SUPPLIED MATERIAL.
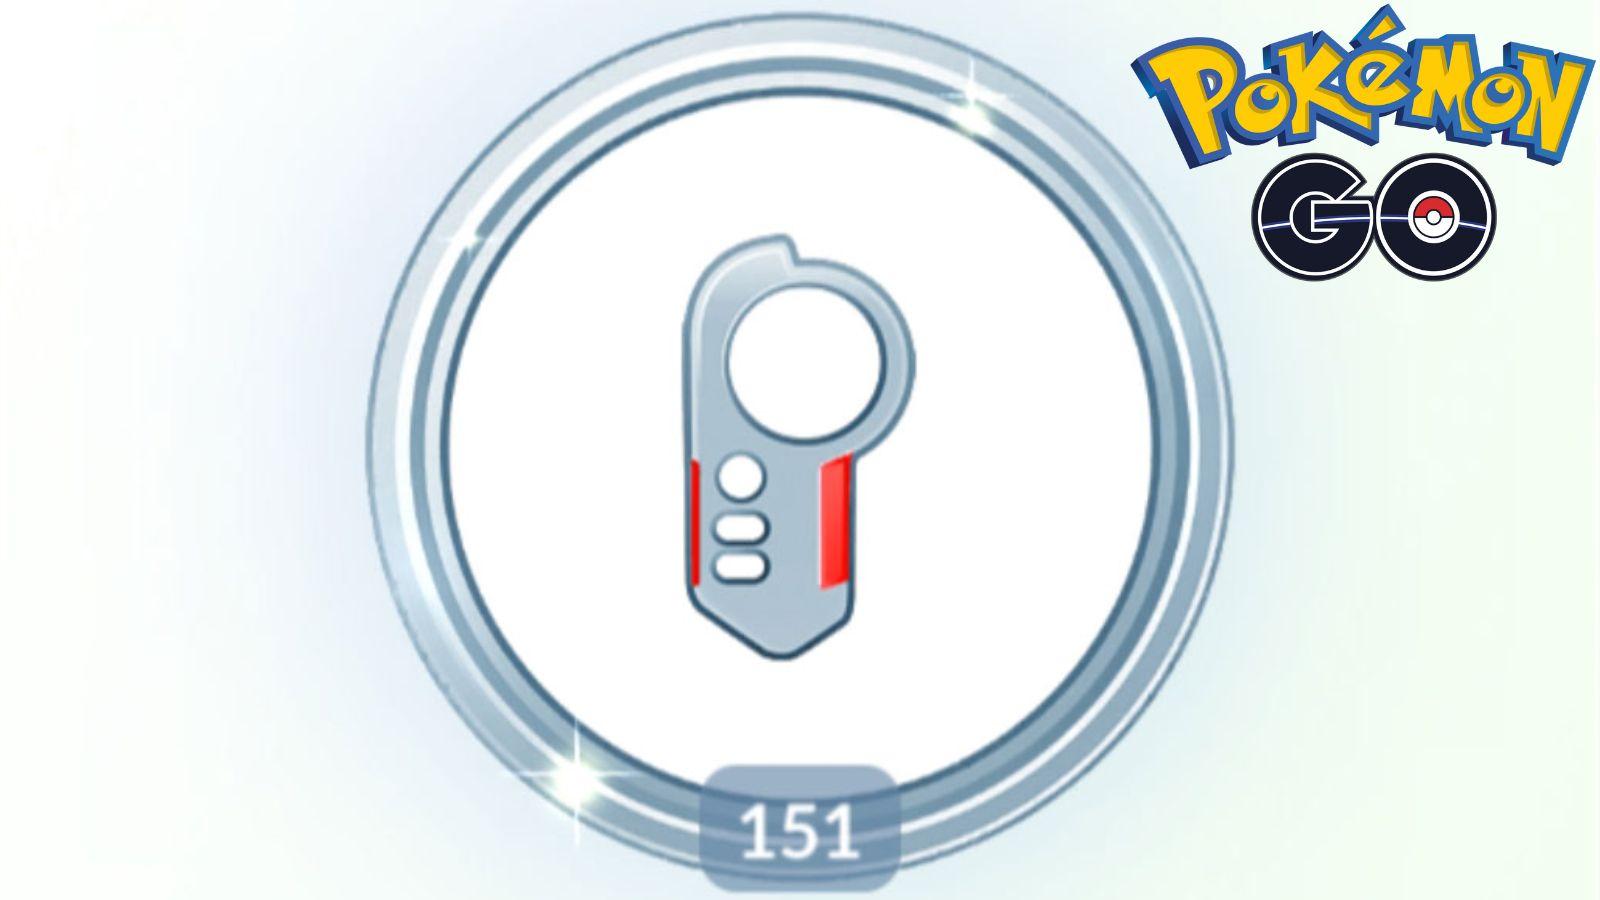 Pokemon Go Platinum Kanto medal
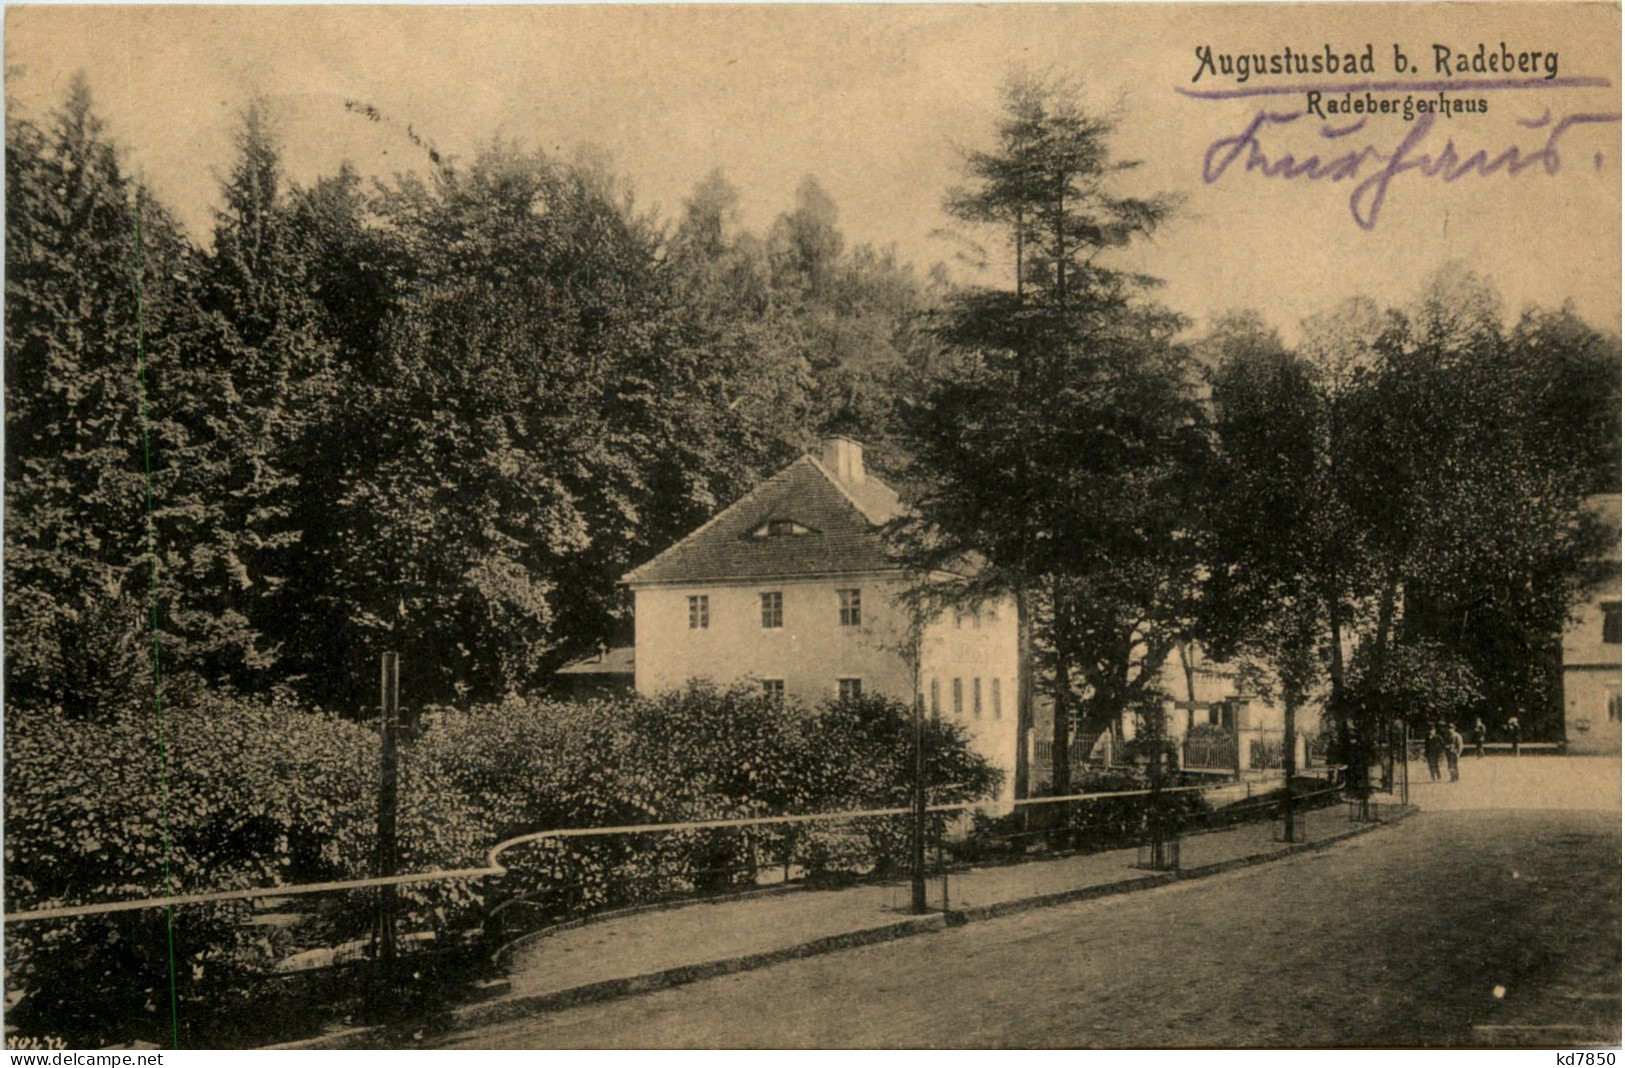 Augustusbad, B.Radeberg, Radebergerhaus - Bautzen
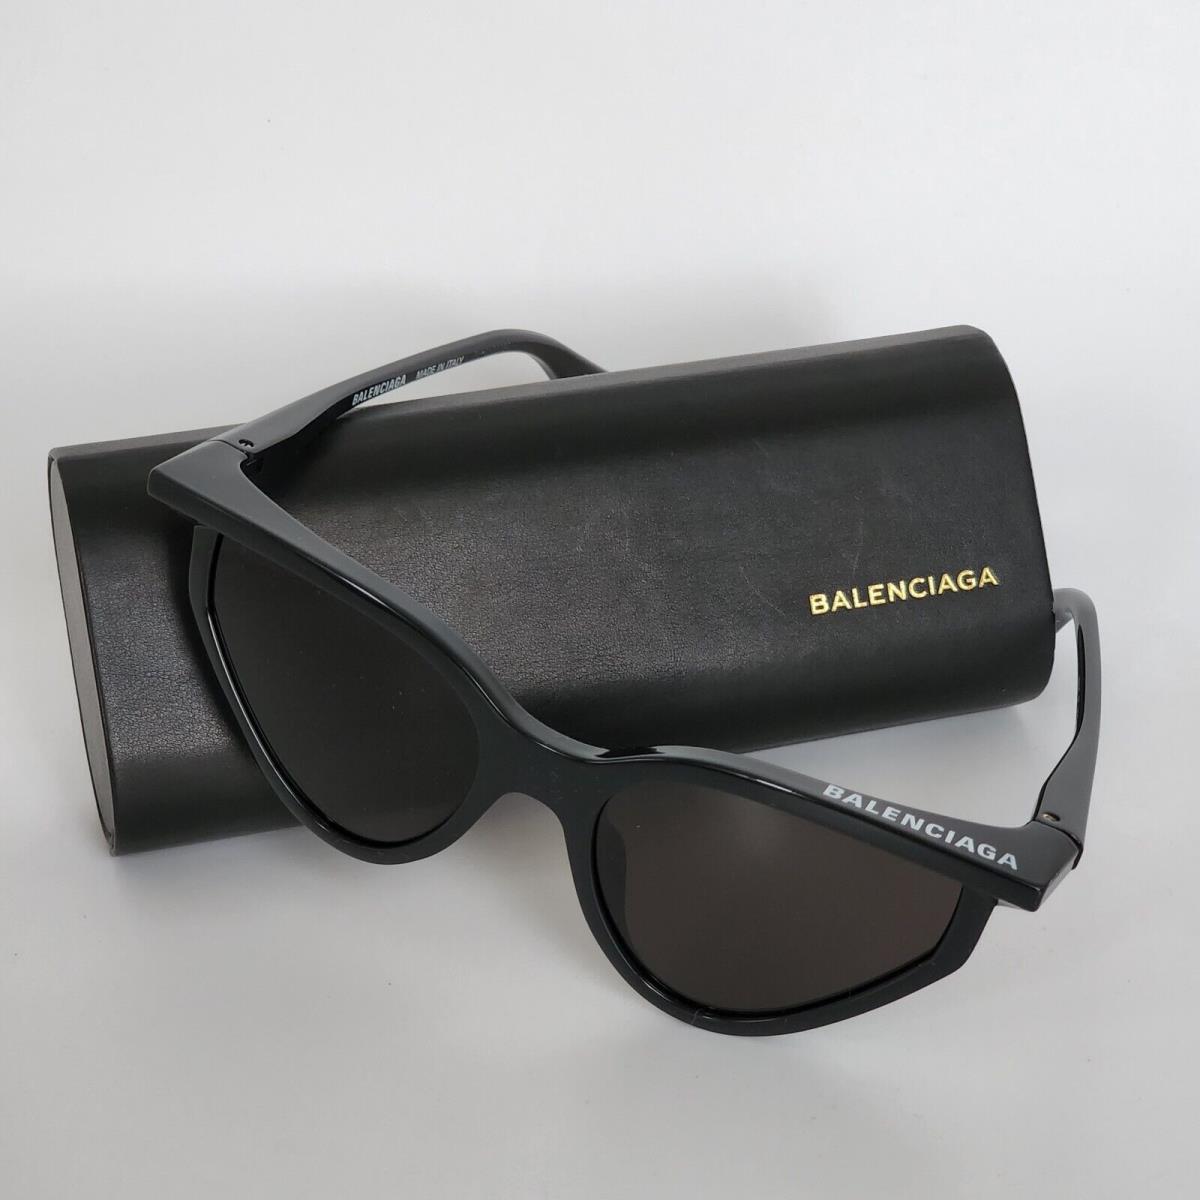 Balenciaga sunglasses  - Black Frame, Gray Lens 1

EXERCISE PROMPT. Now write out the data word for word, skipping every picture in it.

TASK ANSWER.
 Pokemon Go Platinum Kanto medal
 Augustusbad, B.Radeberg, Radebergerhaus - Bautzen
 Balenciaga sunglasses  - Black Frame, Gray Lens 1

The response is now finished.